There are no absolutes, but overall, I think it’s a great trend. There’s been very little novelty or innovation in the venture industry, and I think introducing entrepreneurs’ perspectives into the mix is a good thing. I find that entrepreneurs who don’t know how things used to be done often invent new ways of doing things that are better, and I think the same could be true of VCs.

Where does your current fund [a $125 million fund raised in early 2008] stand? Are you gearing up to raise another anytime soon? 

We’re somewhere between 15 to 18 percent invested, so we don’t expect to raise another fund for quite some time.

When you do head into the market again, you’ll raise a similar-size fund?

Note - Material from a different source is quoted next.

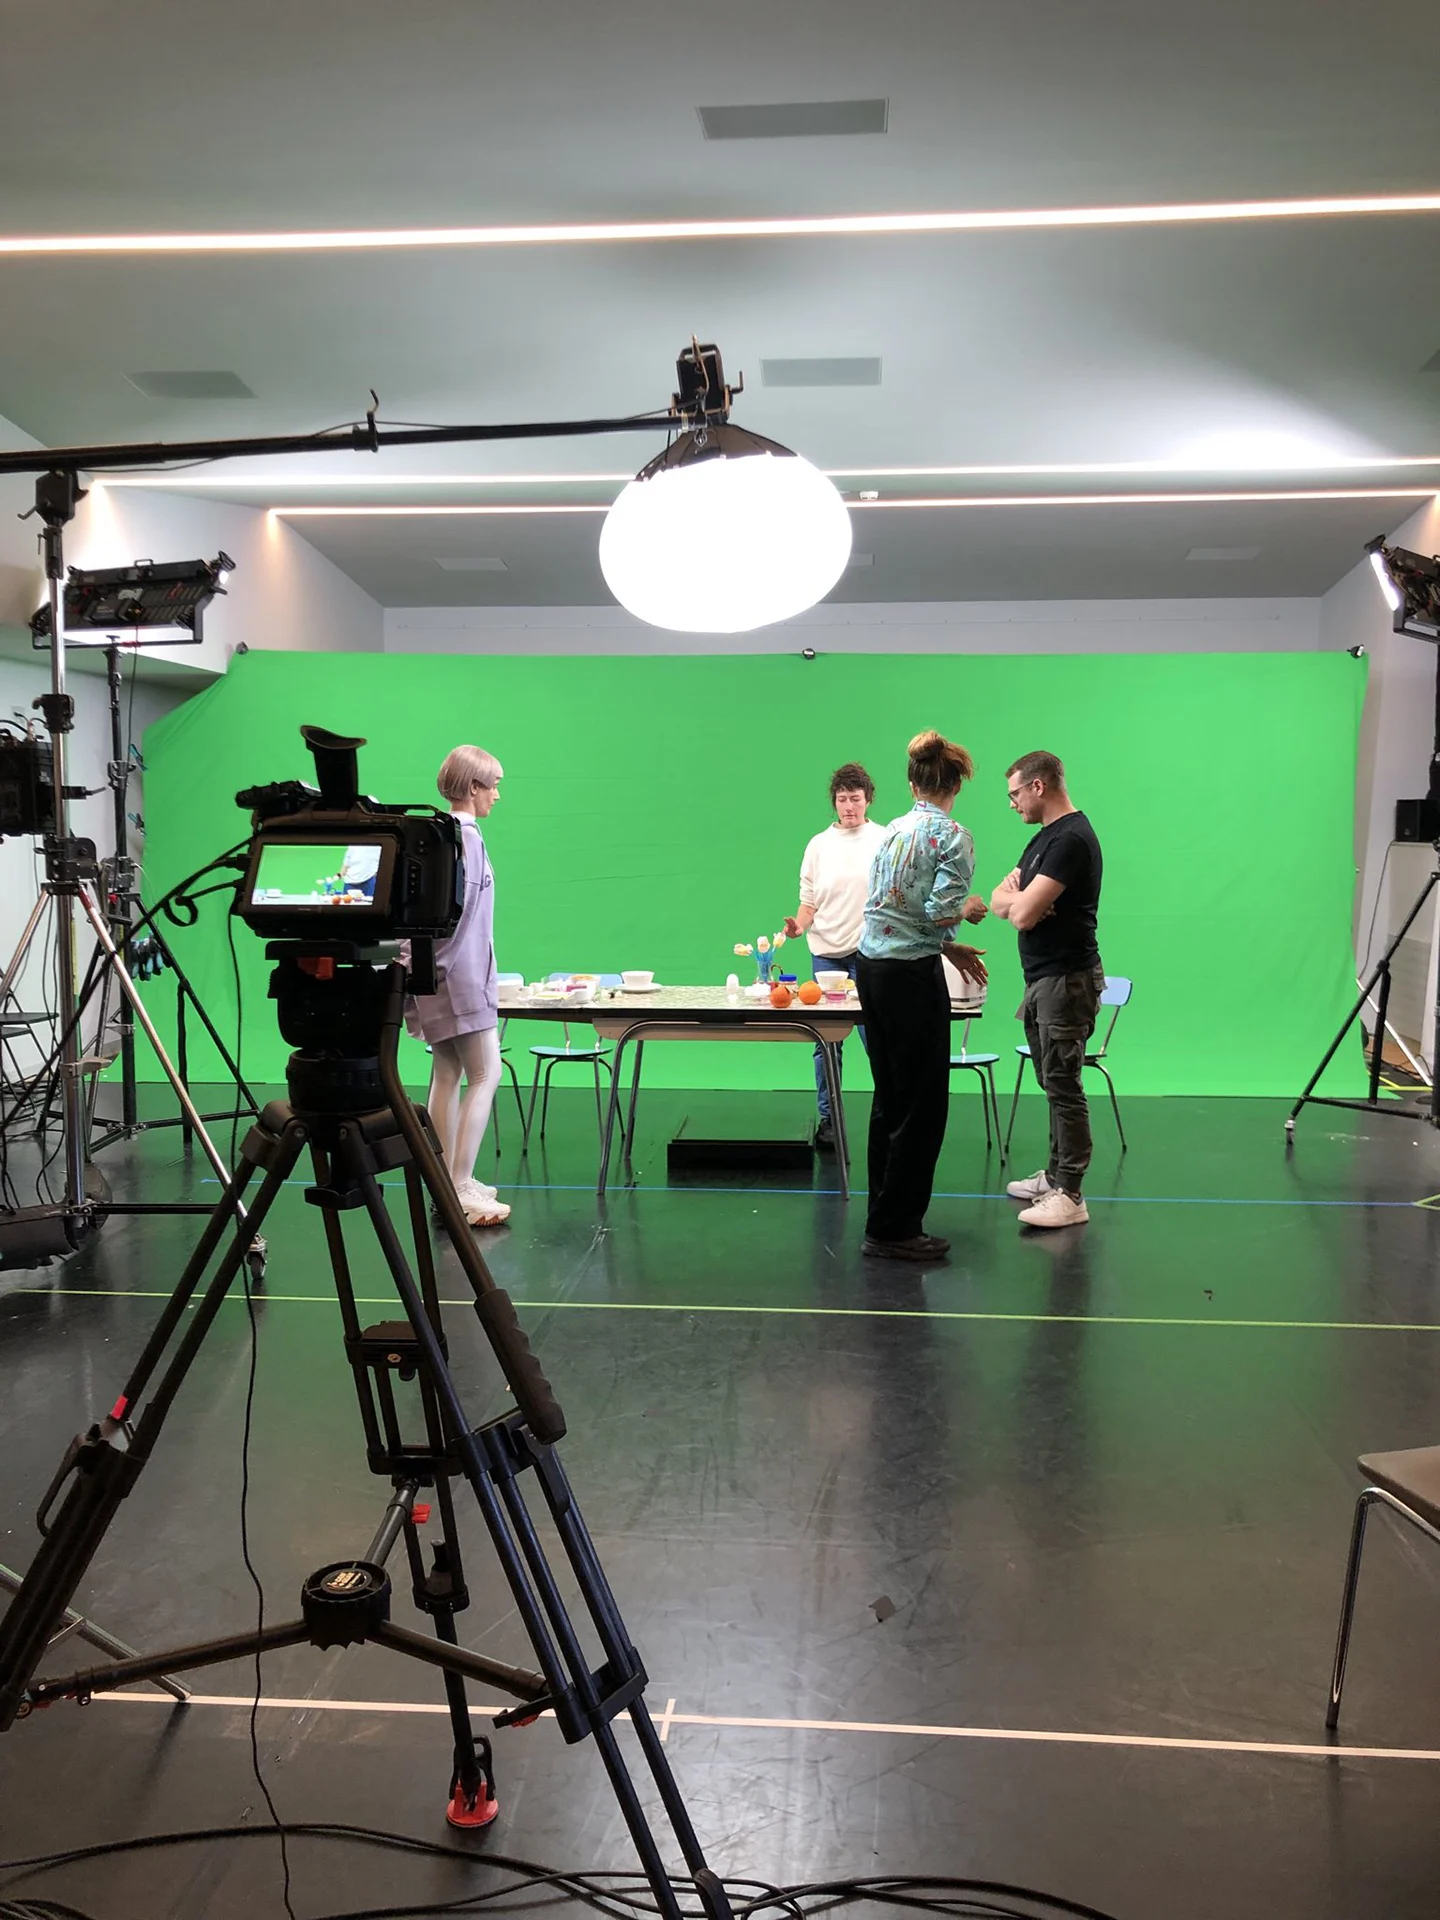 Cornland Studio - backstage d'un tournage sur fond vert

Yes, there’s always this temptation to compete with later-stage funds, but we really want to continue to partner with them and stay in our shallow end of the pool. We kind of like it there.

One last corny but sincere question: You’re praised widely by entrepreneurs who you’ve backed and who you’ve turned down. What do you think they’re reacting to?

I don’t think there’s anything special I’m doing. I think part of why entrepreneurs have bad experiences with VCs is that they never want to pass on a deal, because there’s no upside for them in doing that. Instead, they say, “Eliminate the risk and come back to us.” As an early-stage fund that funds PowerPoints all the time, we can never say, “You’re too early for us,” but we also wouldn’t want to.

When I was an entrepreneur, I realized there are three kinds of VCs. My favorites are those who are quick and write out checks. My second-favorite are those who are quick to say no. Then there’s a third category of VCs, who offer drawn-out maybes. I knew I never wanted to be that kind of investor. Even if entrepreneurs don’t like your answer, they need you to be straightforward.